13. FOOKE- BLAKEMORE

Charlotte image

Fay Sampson’s Family History

This site is a work-in-progress. There is a massive amount to cover. I have included both male and female lines, and some go back 30 generations. Keep coming back for more.
I have numbered the generations working backwards from my own as (1)

 

Sampson Tree

 

HENRIE FOOKE and PETERNELL BLAKEMORE (13)

 

HENRIE FOOKE. Since he married in 1564, we should expect his birth to have been around 1540. The Bishops Nympton parish registers go back only to 1556.

His father may be Richard Fowke, who is the only man of this surname to appear in the 1545 Lay Subsidy Rolls for Bishops Nympton. He was assessed at £2, near the bottom of the range. Alternatively, his father could be another Fooke who was too poor to appear in the tax assessment.

Bishops Nympton is a large North Devon parish east of South Molton, not far from the Somerset border and the fringes of Exmoor.

Around 1540, Sir Lewis Pollard of Bishops Nympton died. He was an eminent lawyer who lived at his estate of Grilstone in the late 15th and early 16th century. A highly decorated niche in the church is thought to be his tomb chest. It may also have served as an Easter Sepulchre.

 [1]

 

A window in the church formerly portrayed the judge with eleven sons kneeling behind him, and his wife with eleven daughters. Writing in his Worthies of Devon, John Prince records that “this lady, glassing this window in her husband’s absence at the Term in London, caused one child more than she then had to be set there; presuming, having had one and twenty already, and usually conceiving at her husband’s coming home, that she should have another. Which, inserted in expectation, came to pass in reality.”

 

 PETERNELL BLACKMORE.  For the same reason as Henrie we have not found a baptism for Peternell in Bishops Nympton where she married.

There is reason to believe that she came from one of the leading families in Bishops Nympton. Thomas Blackmor and John Blackmor were among the five men presenting the Muster Roll for the village of Bishoppes Nymette in 1569. Either of them could be her father. [2]

The presenters would have been among the gentry or richer yeomen.
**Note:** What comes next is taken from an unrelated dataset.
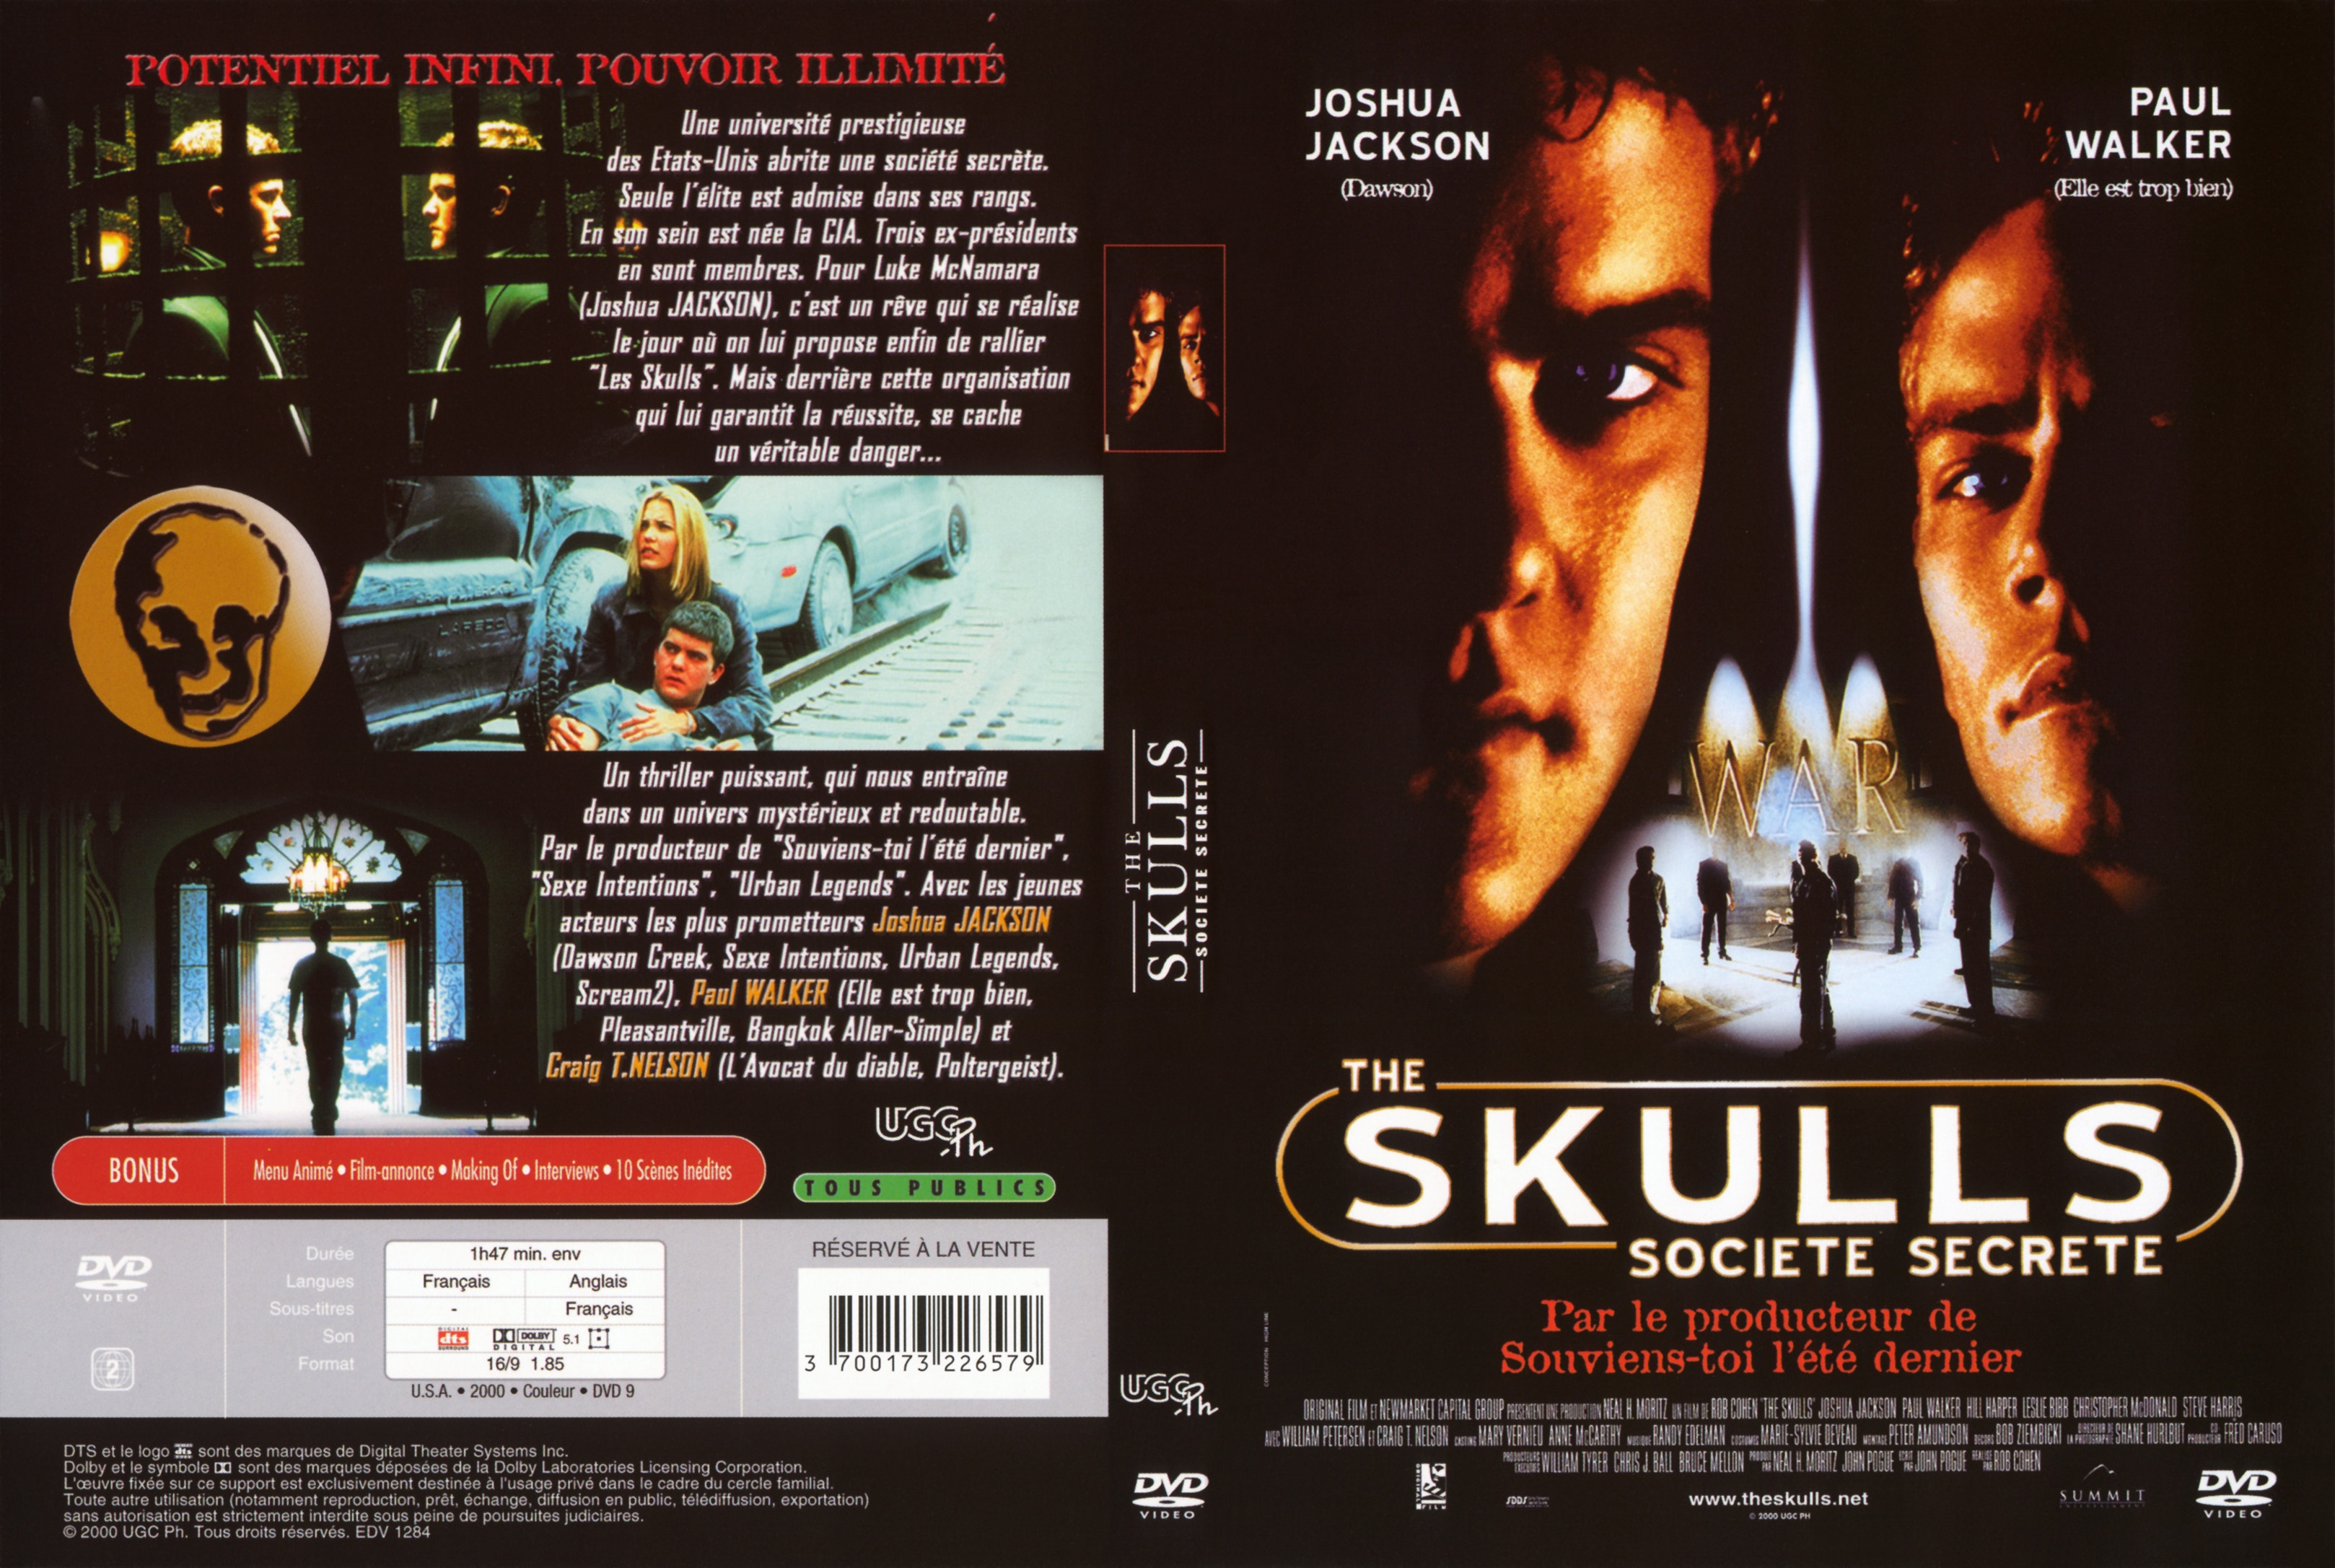 Jaquette DVD The skulls v2

Thomas Blackemor was among those richer parishioners who had to provide arms in time of war. He was charged at G7. This means he was in possession of goods to the value of £10 – £20. He would have been required to provide a bow, a sheaf of arrows, a steel cap and a bill. A bill was a tall polearm with a hooked blade.

The able men of the parish over 16 were divided into sections, each with a different weapon. John Blackmor was a billman. They were required to train with their weapons every Sunday. Thomas does not appear under any of these sections. He may have been an elderly man no longer able to fight. John may be his son.

 

If our estimate of their birth dates is correct, Henrie and Peternell were born in reign of Henry VIII, who died in 1547. As teenagers they lived through seismic changes, as the country reverted to Catholicism under Mary I, after the Protestantism of the boy king Edward VI and Archbishop Cranmer. Henry VIII’s Reformation returned with the accession of Elizabeth I in 1558.

 

There is a curious thing about their marriage.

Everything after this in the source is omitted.